I guess the best approach would be to handle this in the stage where the captures get searched, by splitting the loop that extracts them from the combined attackers set for the current value group. A group-dependent bit mask can be used to split the attackers set into HxL and other captures. The other captures can be extracted and search unconditionally first. The following loop would then do the HxL, and would contain logic for testing protection.

Code: Select all

int safeCapts = captures & hxlMask[valueGroupNr]; // mask away all more valuable attackers
captures -= safeCapts; // remove those from the initial set
while(safeCapts) {
  int bit = BSF(saveCapts);
  info.victim = victimStack[bit & 3];
  info.piece = WHITE + 8 + (bit >> 2);
  if(SearchMove(&info)) goto cutoff;
  safeCapst &= safeCapts - 1;
}
int protectors = summary[BLACKPIECES][BLACKPIECES]; // black non-P x black non-P counters
protectors += summary[BLACKPAWNS][BLACKPIECES];   // add the black P x black non-P counters to get total
while(captures) { // second move loop for remaining HxL captures
  int bit = BSF(captures);
  captures &= captures - 1;
  info.victim = victimStack[bit & 3];
  if(protectors & 15*victim2unit[info.victim]) { // victim is protected
    captures &= 0xEEEEEEEE * bit; // mask away all higher attackers of this victim
  } else { // unprotected: capture as usual
    info.piece = WHITE + 8 + (bit >> 2);
    if(SearchMove(&info)) goto cutoff;
  }
}
This doesn't solve the Q x protected Q vs R x unprotected Q problem. But your lower weighting of the victim doesn't do that either, as it doesn't factor in protection. And I am not sure your premise that R x unprotected Q should go first is actually true. The rationale behind MVV is that after the QxQ, you would get to play the RxQ anyway if he recaptures. And if he doesn't, the protection might as well not have existed. OTOH, if you start with R x unprotected Q, he would reply with Q x Q, and perhaps your own Q was also unprotected (in which case you gained nothing).

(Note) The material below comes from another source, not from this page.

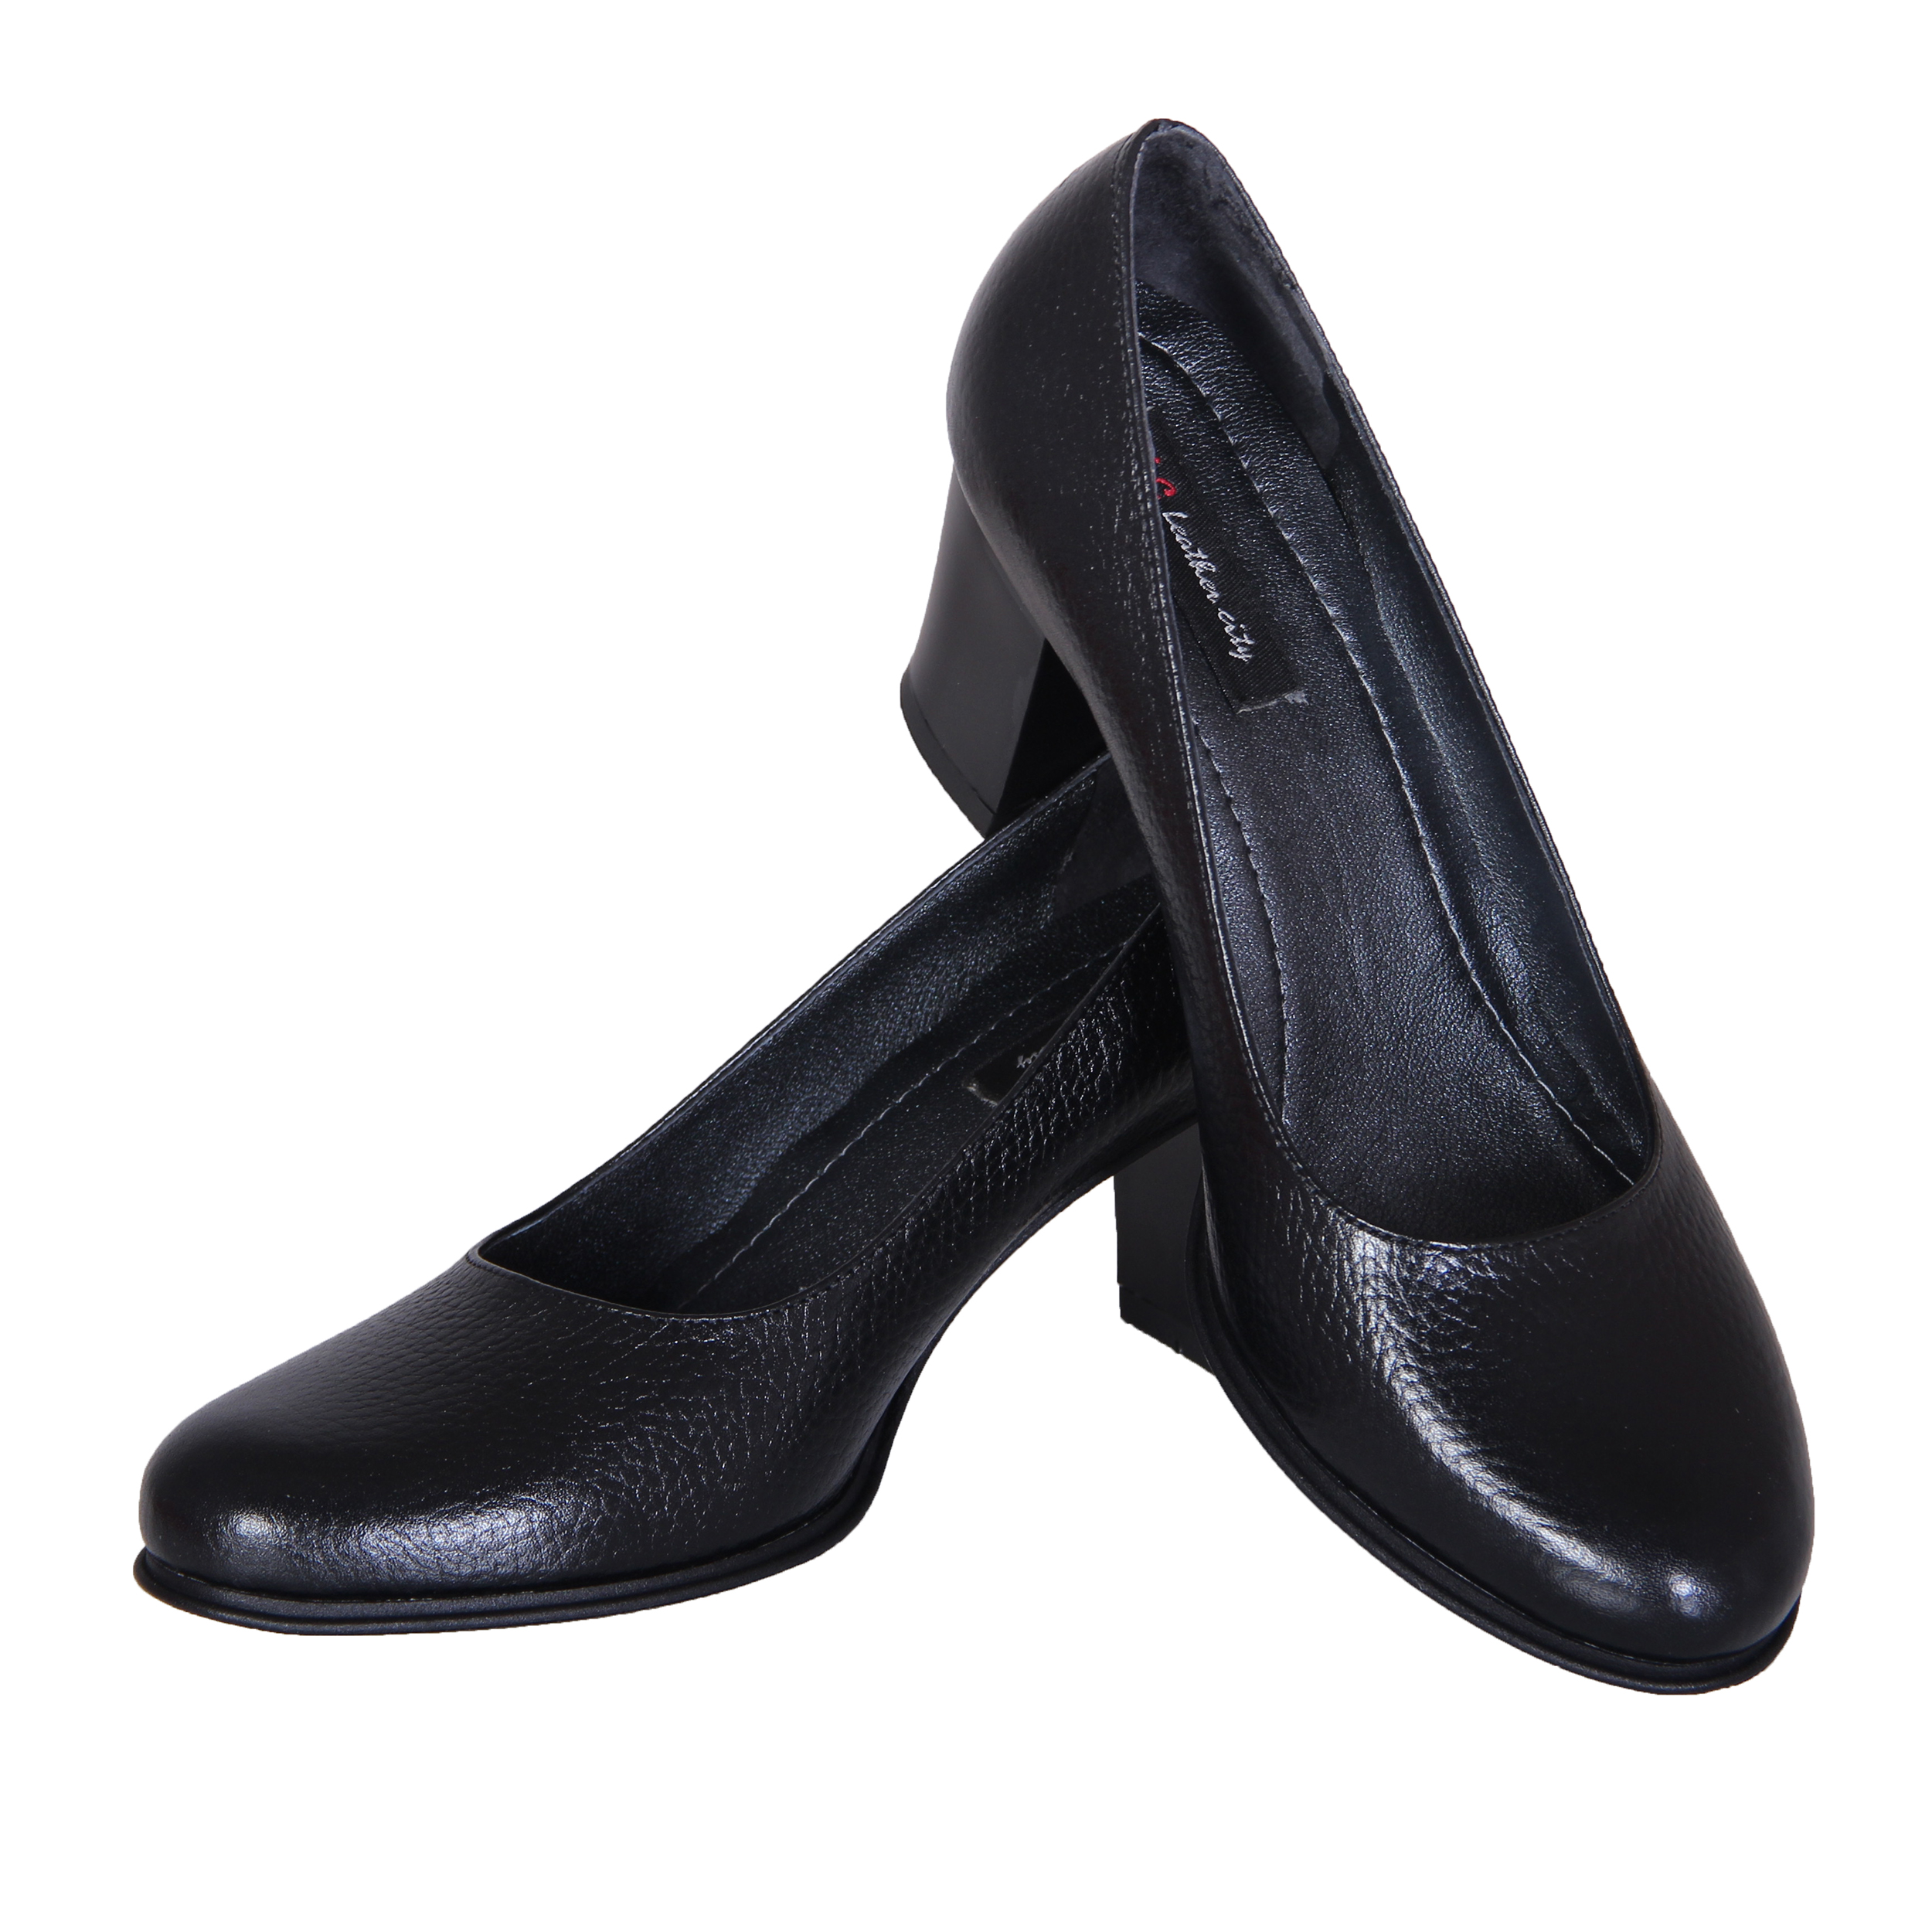 SHAHRECHARM leather women's shoes , PC474-1 Model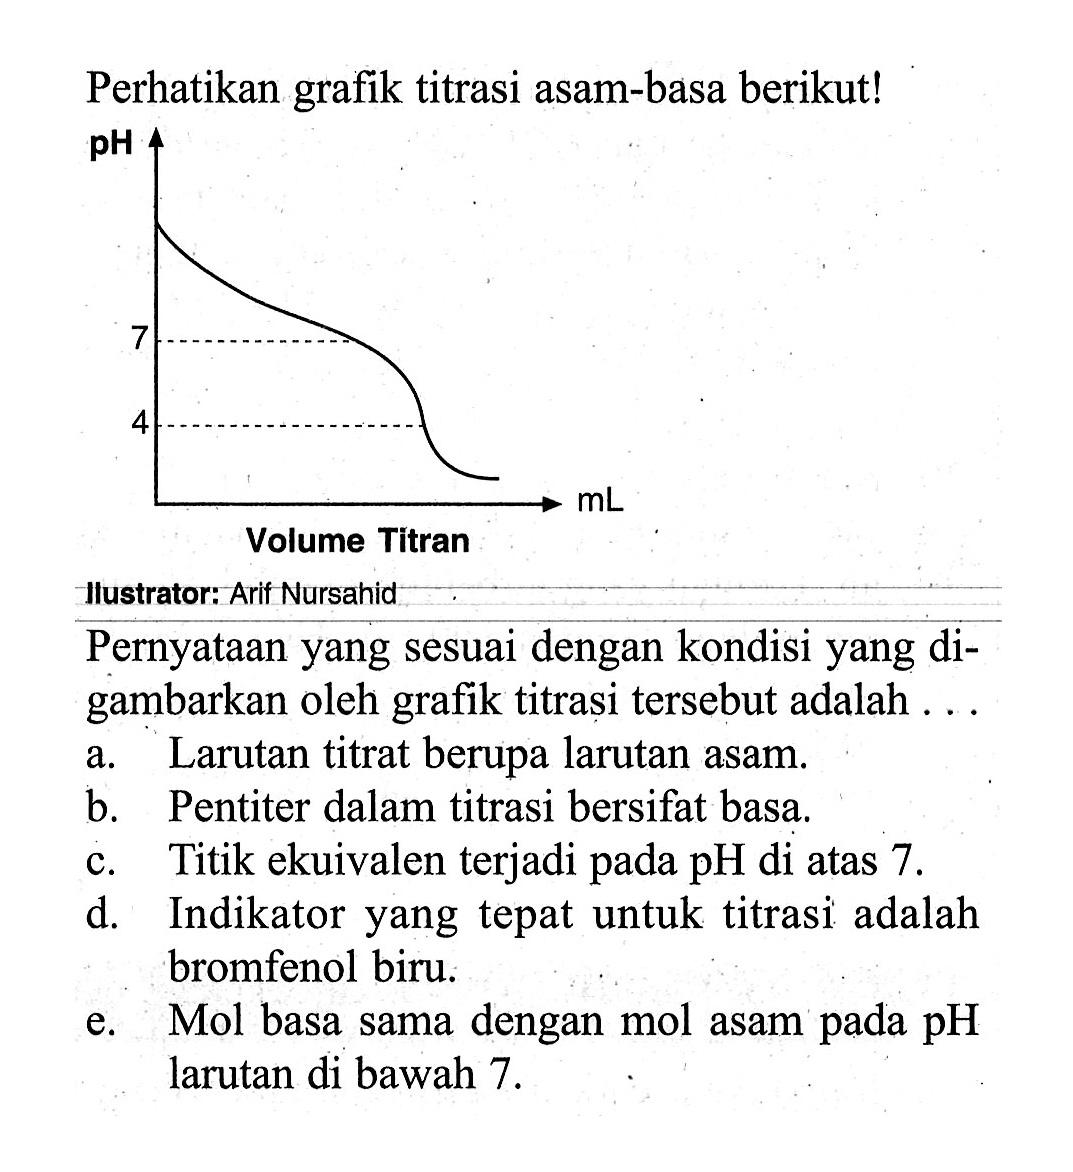 Perhatikan grafik titrasi asam-basa berikut! pH 7 4 Volume Titran mL . Ilustrator: Arif NursahidPernyataan yang sesuai dengan kondisi yang digambarkan oleh grafik titrasi tersebut adalah ...a. Larutan titrat berupa larutan asam.b. Pentiter dalam titrasi bersifat basa.c. Titik ekuivalen terjadi pada pH di atas 7 .d. Indikator yang tepat untuk titrasi adalah bromfenol biru.e. Mol basa sama dengan mol asam pada  pH  larutan di bawah  7 .

This completely prunes all H x protected L captures, which might be overdoing it. But even in this design there is a conventional move list, for handling the non-captures. So instead of masking away the higher attackers you could just flush the suspect capture to the normal move list, for later search (after the lower-valued victims have been tried). Since the number of Pawn protectors is available separately from the number of other protectors, you could even make this dependent on the presence of Pawn protectors (which would make it a bad capture for sure).